Fun fact about the grammar: I wrote the parser before writing the grammar, and started running into many issues, then decided to sit down and write the formal grammar, and found many bugs on the code I had written for the tests.

Type checker

The type checker is not very sophisticated: since type annotations are mandatory for functions, we only have to infer types for local variables, which in turn are immutable.

Bytecode

Verve’s VM is a stack machine and has its own bytecode, which is tiny, only 23 opcodes. It was designed for simplicity over efficiency, and I plan on replacing it with a register based bytecode, before actually generating machine code.

Interpreter

The interpreter is probably the part of the VM which I’m most proud of: It’s written in GAS x86_64, and inspired by JavaScriptCore’s LLInt (Low Level Interpreter), with a few modifications: Since the code is platform dependant, I can abuse of all x86_64’s registers.
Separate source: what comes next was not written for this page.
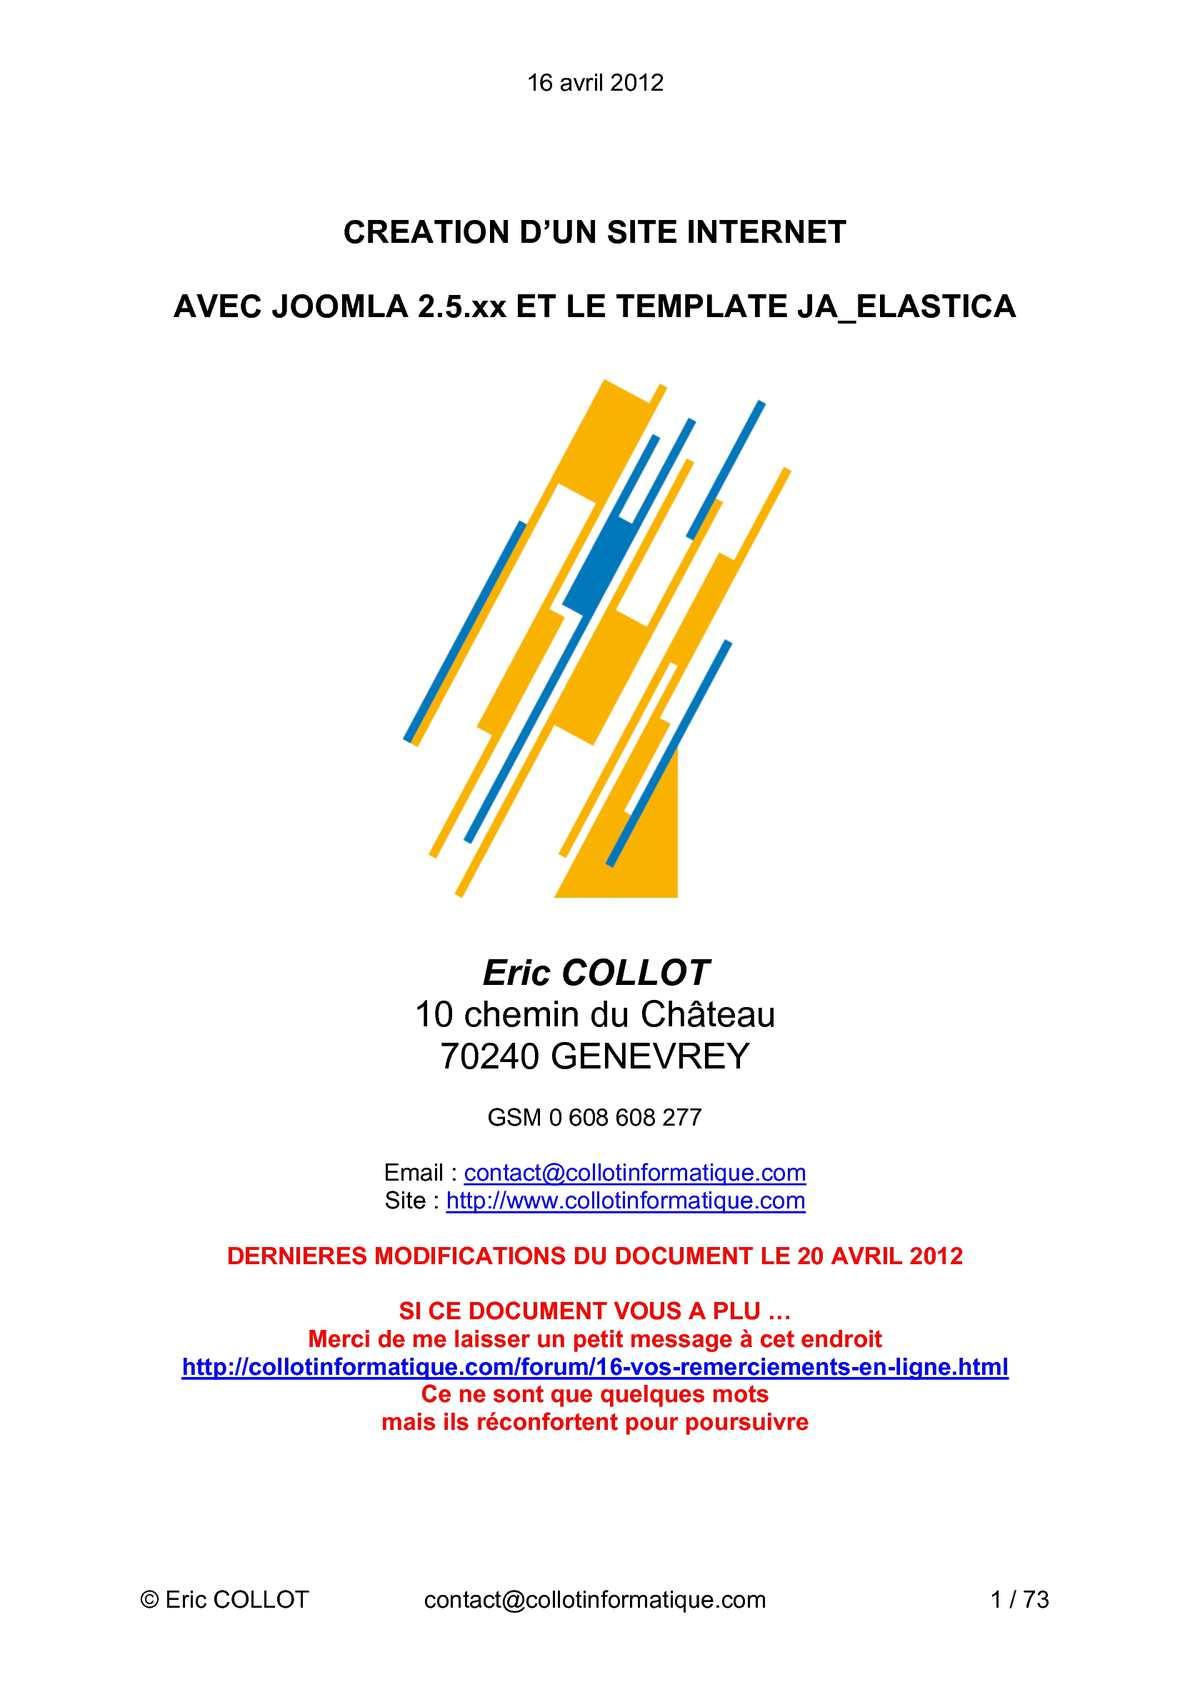 Création d'un site avec JOOMLA 2.5 et le template JA-ELASTICA

When it comes to inline caching, LLInt’s bytecode contains “holes” for variable values, which will later be rewritten into the actual value loaded from the variable. In Verve I opted not to that because it requires modifying the bytecode itself, which will cause memory pages to be copied, and instead I use a side table for storing the values and only add a fixed index into the table to bytecode itself.

Garbage Collection (GC)

As the opposite of the interpreter, the GC is probably the part of the system that received the least love. It just uses the C++ heap and keeps track of allocations’ address and size in a separate structure. When a garbage collection is triggered, the collector stops the world and scans the stack conservatively and the heap precisely, then eagerly sweeps everything in one pass.

These are the basics of how the key parts of the current implementation work, but as you’ll see next, it might change soon.

What Next?

The next major goal is making the language self-hosting (i.e. write the Verve compiler in Verve itself), and that depends on several smaller things, such as converting bytecode/IR to be register based, getting rid of the interpreter and replacing it with an AOT compiler, and definitely minor improvements of the language, such as adding more syntactic sugar and making pattern matching more powerful than it currently is.

I hope you enjoyed the post, and if you think you’d have fun with Verve as well, either playing with the language or the implementation, the code can be found at github.com/tadeuzagallo/verve-lang

As usual I try to keep links to every possible acronym and term that I think could be new for anyone reading the post, but of course I might have forgotten some. So if you had to google for any of the terms in the text, please let me know and I’ll add a reference to it. Thanks!